Author Topic: The C65 #1 at the Amiwest Show 2017  (Read 1745 times)

Description:

0 Members and 1 Guest are viewing this topic.

Offline psxphill

Re: The C65 #1 at the Amiwest Show 2017
« on: January 11, 2018, 04:06:21 PM »
Quote from: klx300r;834910
ah the Holy Grail for Commodore collectors/ fans SN 1:hammer:! the "Copyright 1977 Microsoft" gets me all the time:rofl:

It's technically wrong, it should be 1979

http://www.pagetable.com/?p=46

1977 was BASIC for the original PET. Later PET's and the VIC-20/C64 etc were all based on version 2 from 1979
« Last Edit: January 11, 2018, 04:10:04 PM by psxphill »
 

Offline psxphill

Re: The C65 #1 at the Amiwest Show 2017
« Reply #1 on: January 11, 2018, 04:15:11 PM »
Quote from: klx300r;834932
hmm first Commodore 1 basic version was 1977 so Copyright looks right;)

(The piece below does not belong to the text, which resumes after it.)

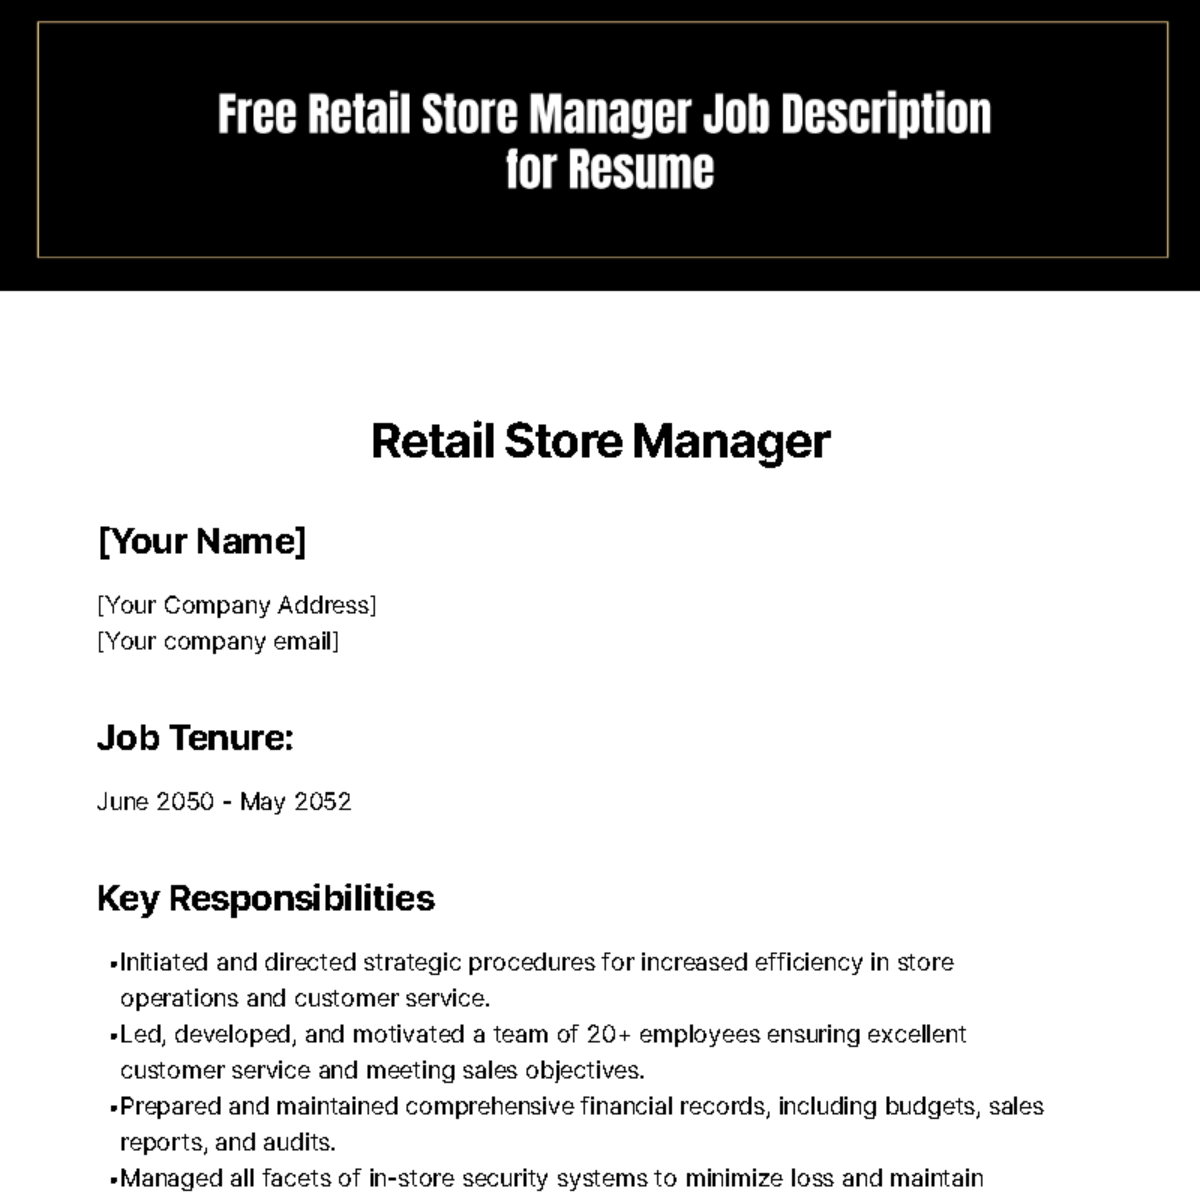 Free Retail Store Manager Job Description for Resume Template
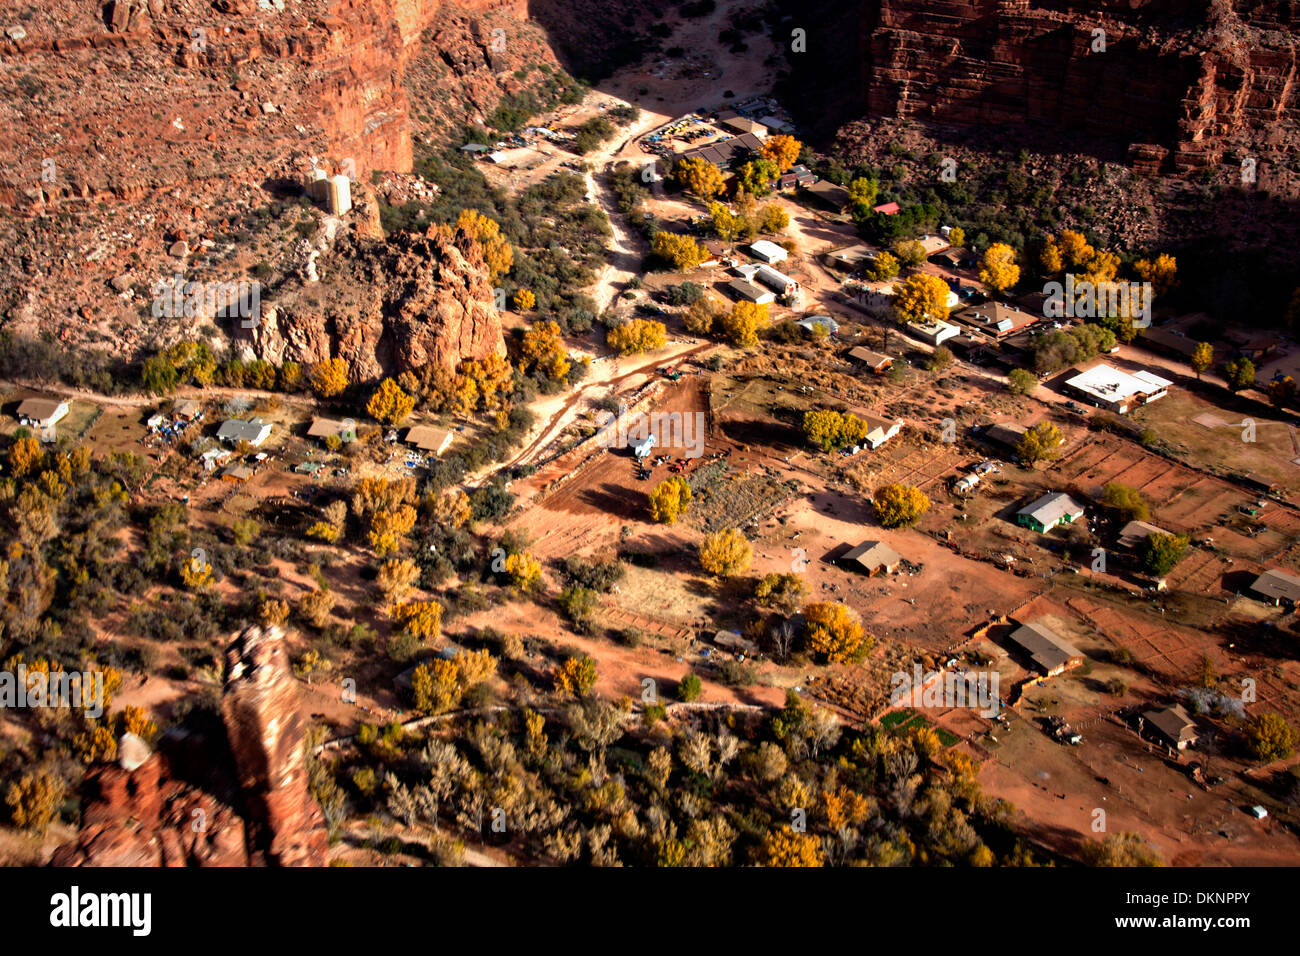 Aerial view of the Havasupai Indian village of Supai located at the bottom of the Grand Canyon December 4, 2012 in Supai, AZ. Stock Photo

So the movie independence day 2 released in 2016 is copyright 1996?
 

Offline psxphill

Re: The C65 #1 at the Amiwest Show 2017
« Reply #2 on: January 11, 2018, 04:26:51 PM »
Quote from: klx300r;834934
@ psxphill

I'm no lawyer but I think if even a small amount of code used for the Pet got into the C64 then 1977 is right.  I'm sure we'll have our 'in house' law experts chime in on this soon enough:rtfm:

If you read the article, commodore got a refresh of BASIC from Microsoft in 1979. So the code for the C64 should have come from there.

The copyright on software is complicated though. Copying an entire rom is probably covered by copyright in the 1970's (I'm not a laywer, I'm especially not a time travelling lawyer), but even today you can't copyright individual instruction sequences. By only asserting the 1977 copyright, they are creating an evidence trail that means their copyright runs out 2 years earlier than it should. Commodore (if they were around) might claim that the 1991 copyright would cover all the ROMS in the c65, but I believe if they tested that out in court they would lose.

Copyright itself is complicated. Steam Boat Willy seems to be in a quantum state of protected by copyright laws and also in the public domain.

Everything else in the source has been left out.